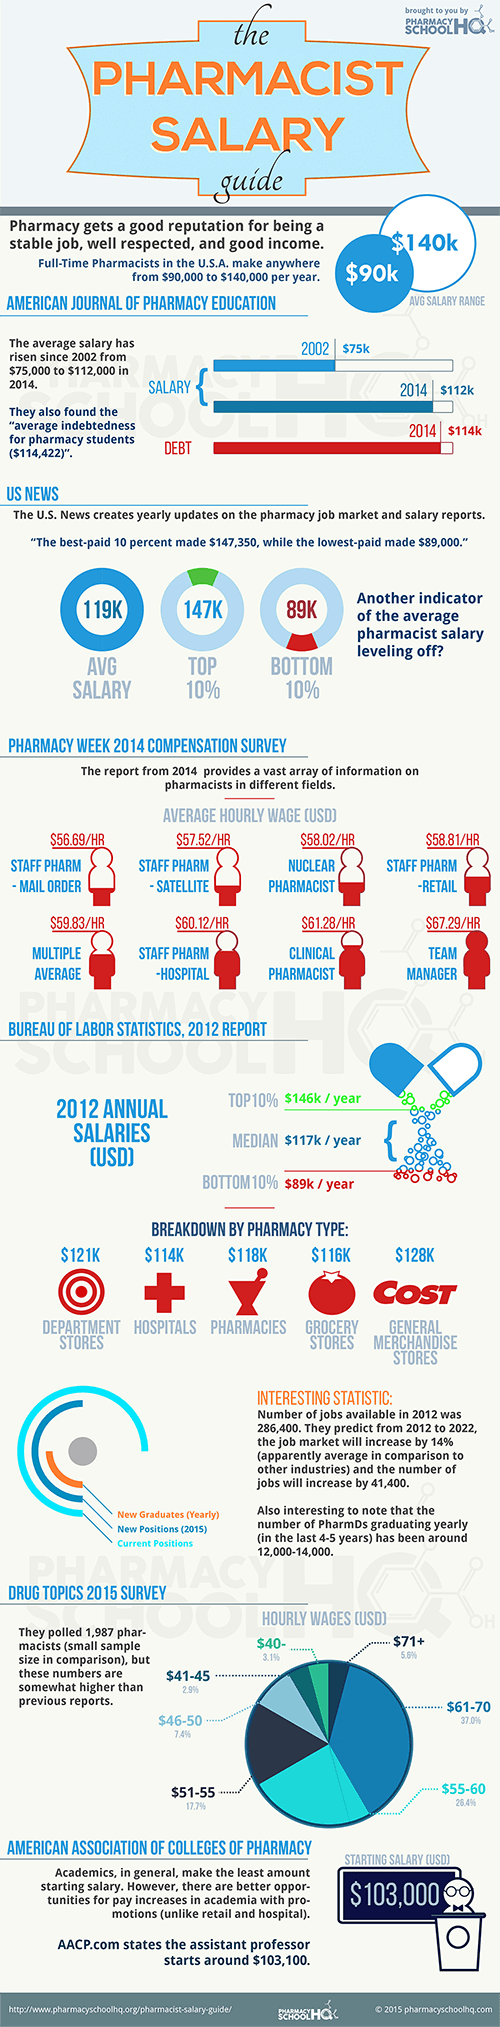 Pharmacist Salary Guide 2015 from Pharmacy School HQ
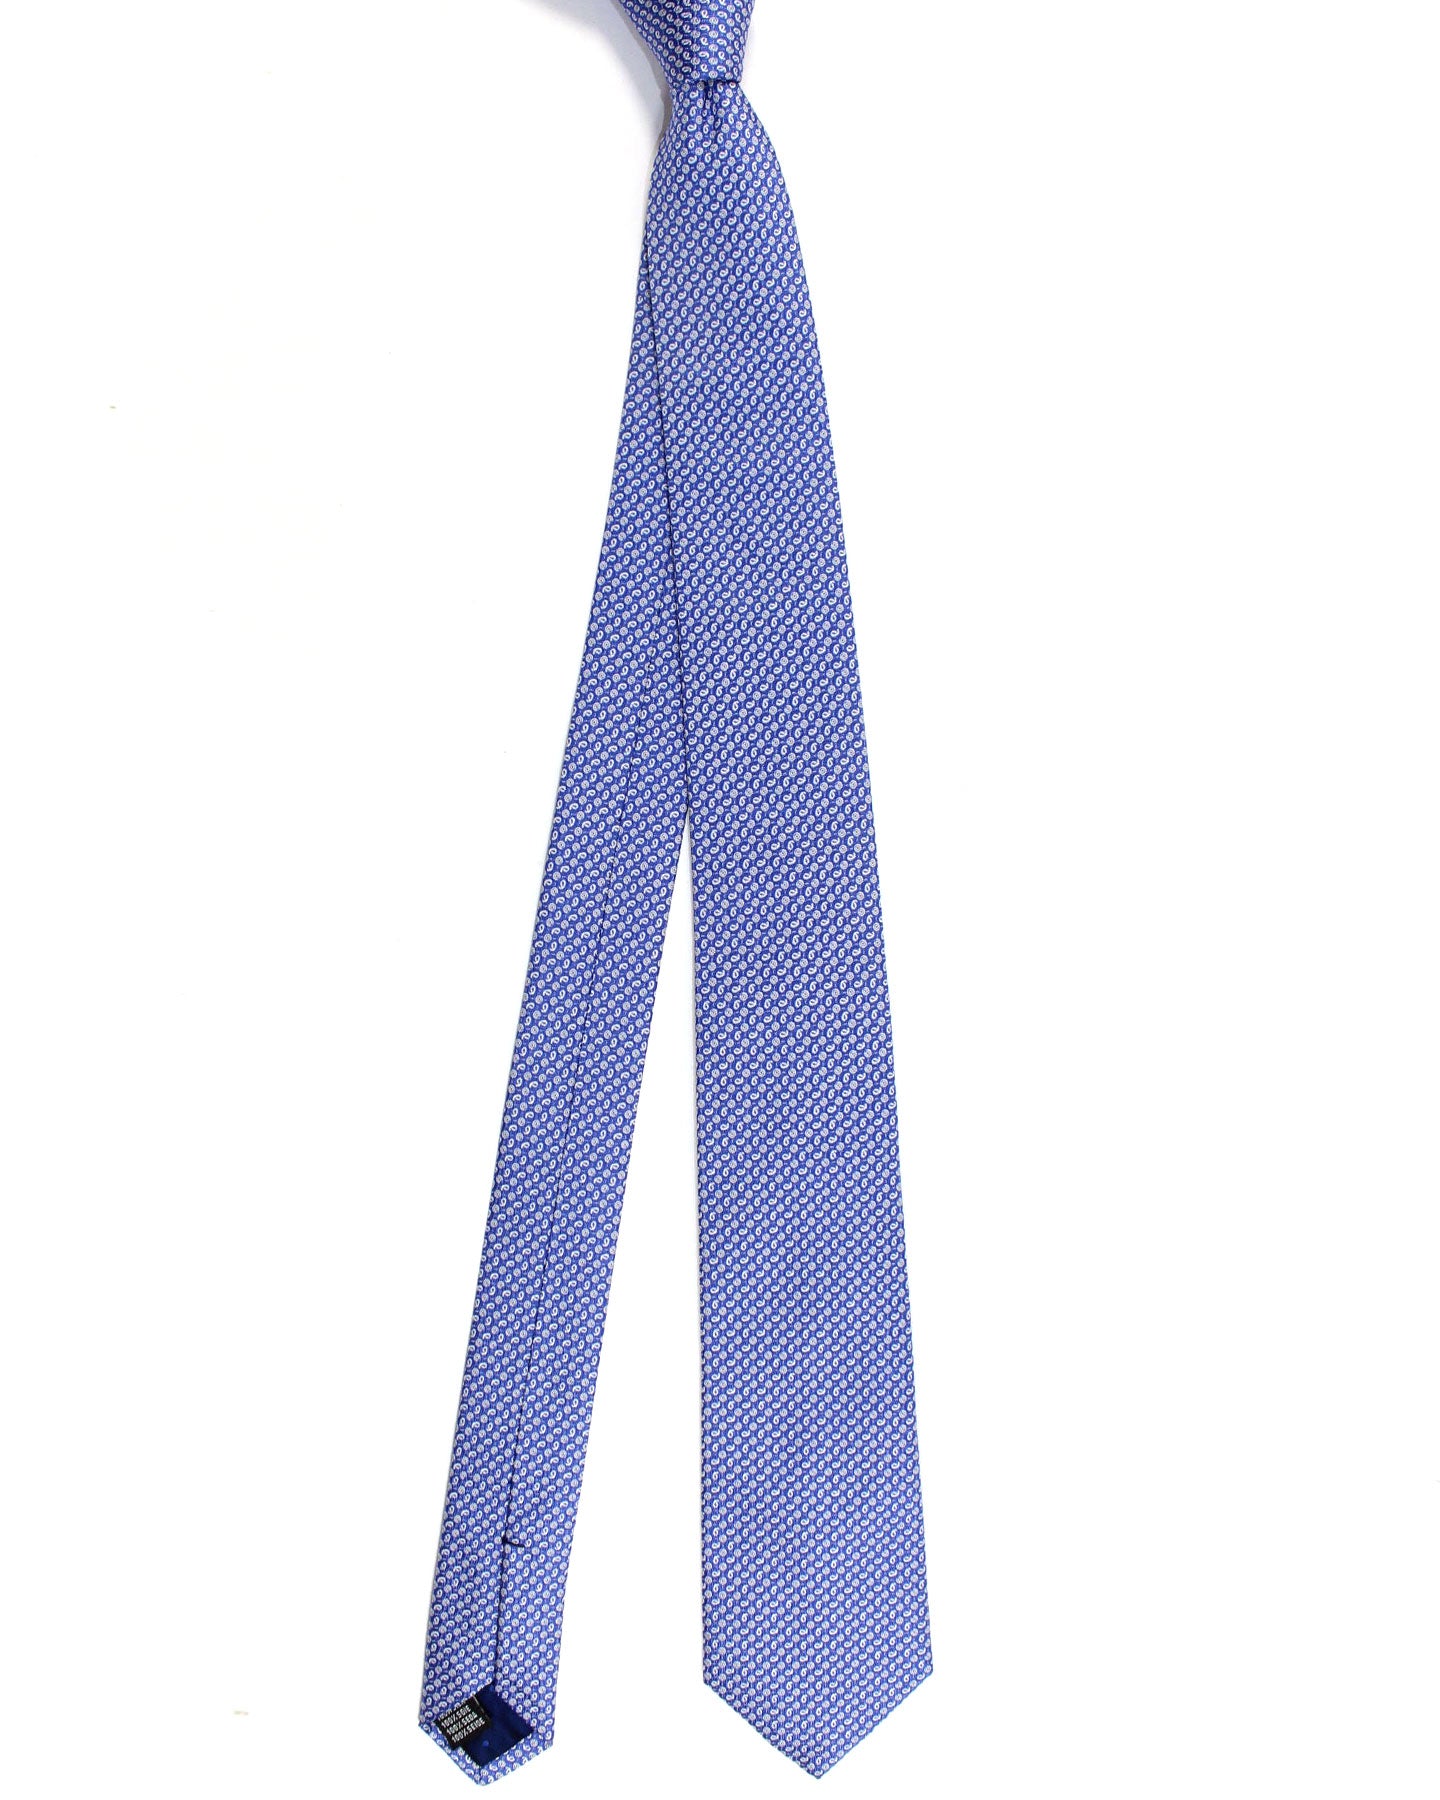 Ungaro Silk Tie Royal Blue Geometric - Narrow Cut Designer Necktie
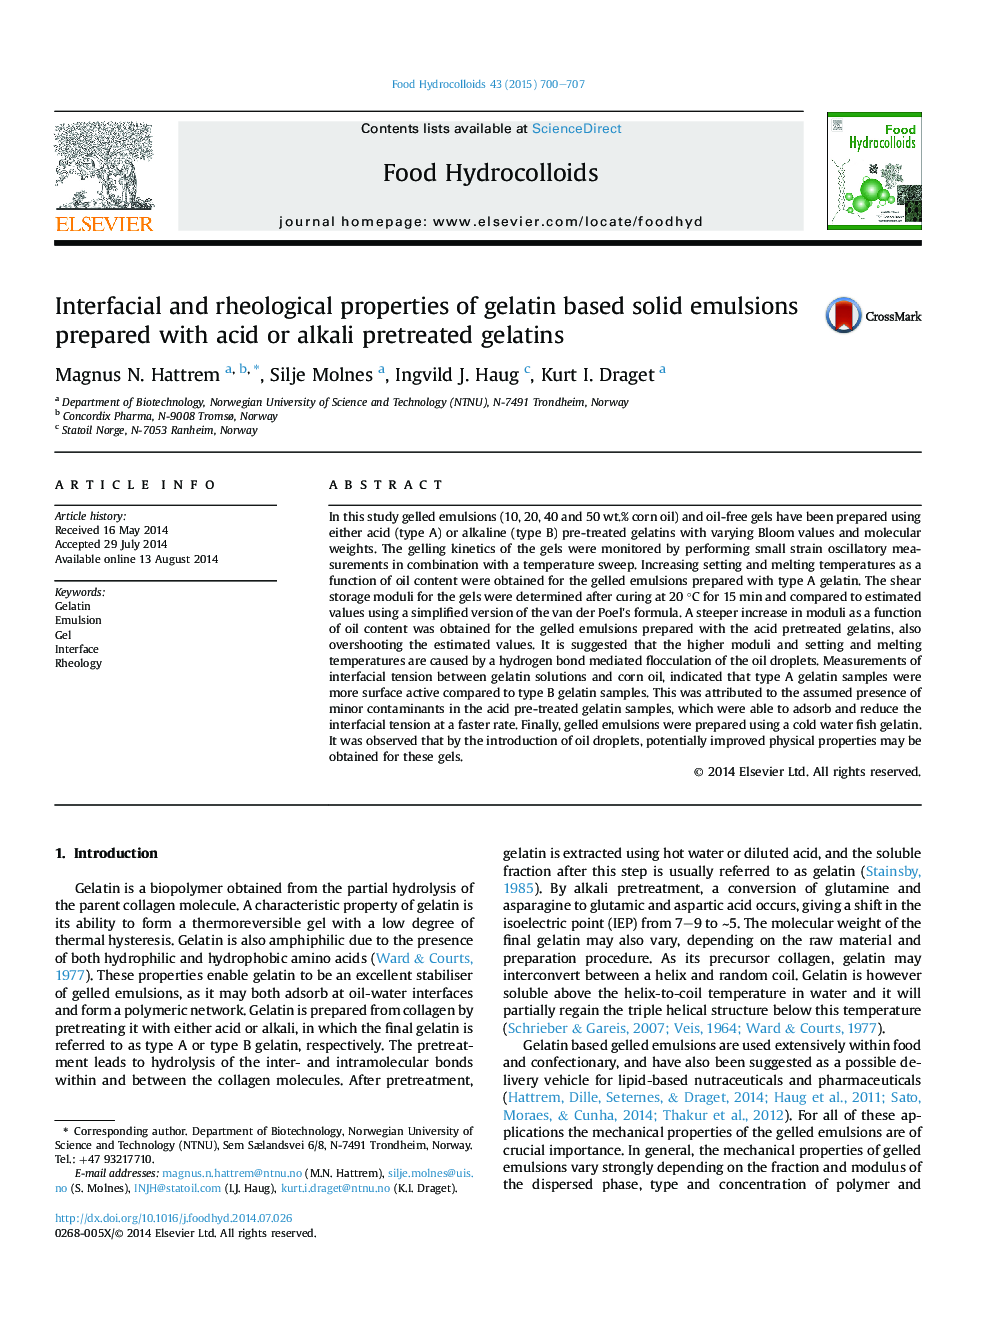 Interfacial and rheological properties of gelatin based solid emulsions prepared with acid or alkali pretreated gelatins

___

◆ What you will do
Write the data out again word for word; leave the pictures behind.

◆ Task output
 Pharmacist Salary Guide 2015 from Pharmacy School HQ
 Ungaro Silk Tie Royal Blue Geometric - Narrow Cut Designer Necktie
 Interfacial and rheological properties of gelatin based solid emulsions prepared with acid or alkali pretreated gelatins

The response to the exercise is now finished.